• Directions for this task
Below this line is the material. Write out only its lines from the one containing "Objective For Resume" through the one containing "2022 National Baseball", both kept, exactly.
---------- The input ----------
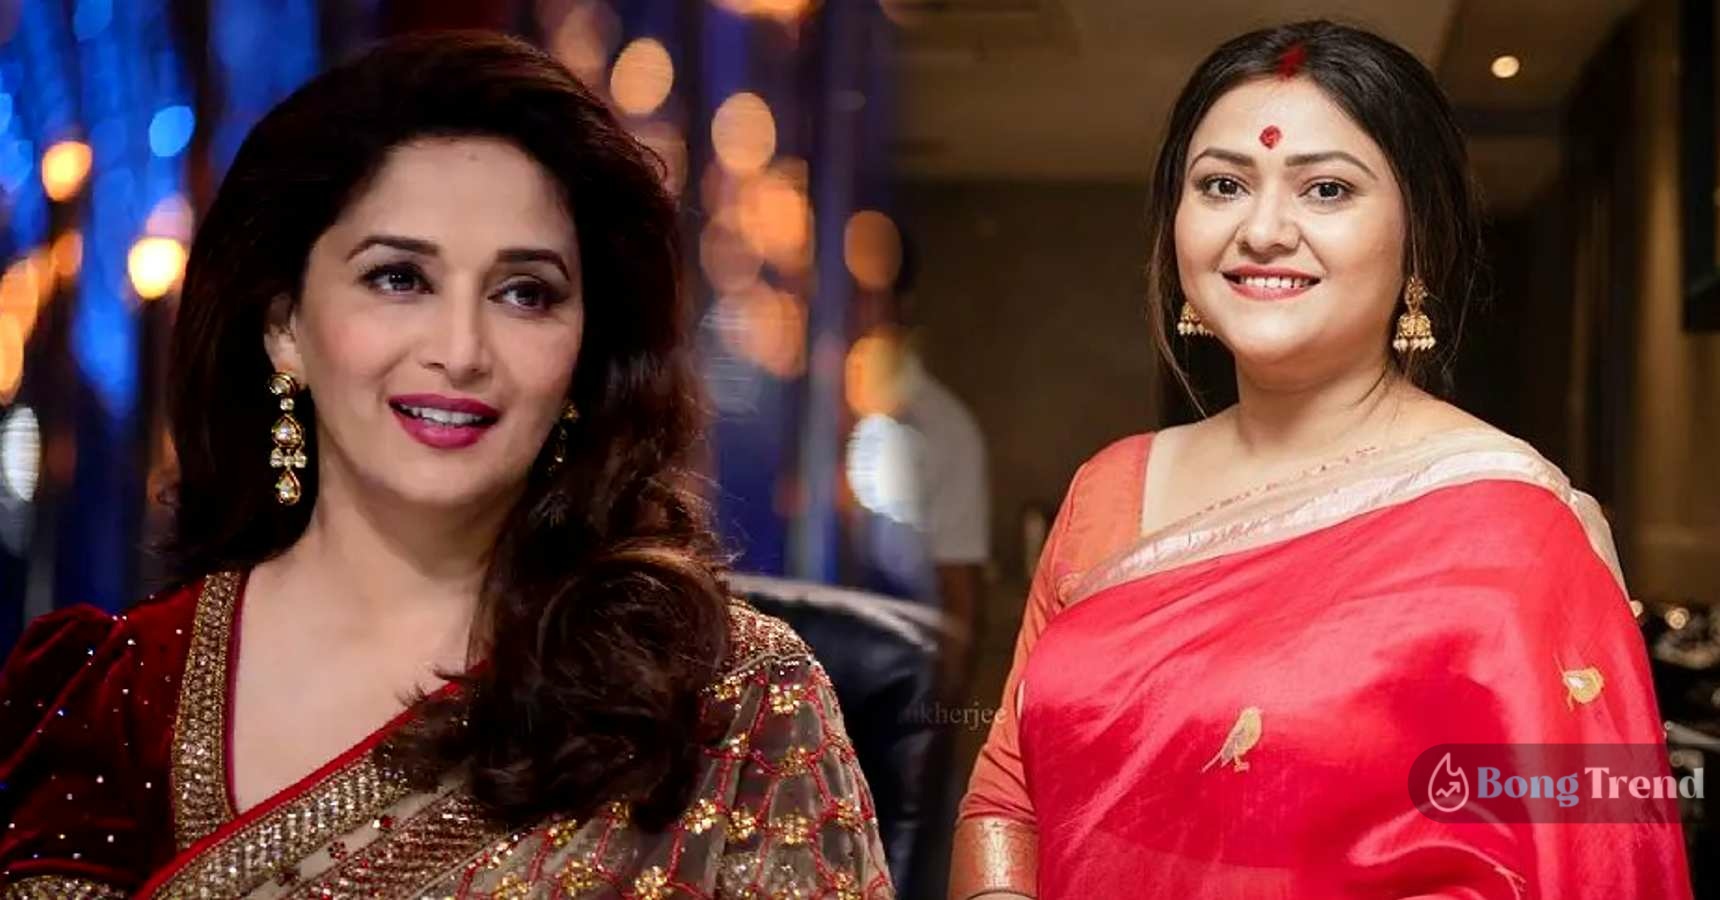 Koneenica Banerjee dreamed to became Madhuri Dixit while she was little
----------
---------- The input ----------
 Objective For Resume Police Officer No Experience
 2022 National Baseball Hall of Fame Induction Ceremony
----------
• Result of this task
 Objective For Resume Police Officer No Experience
 2022 National Baseball Hall of Fame Induction Ceremony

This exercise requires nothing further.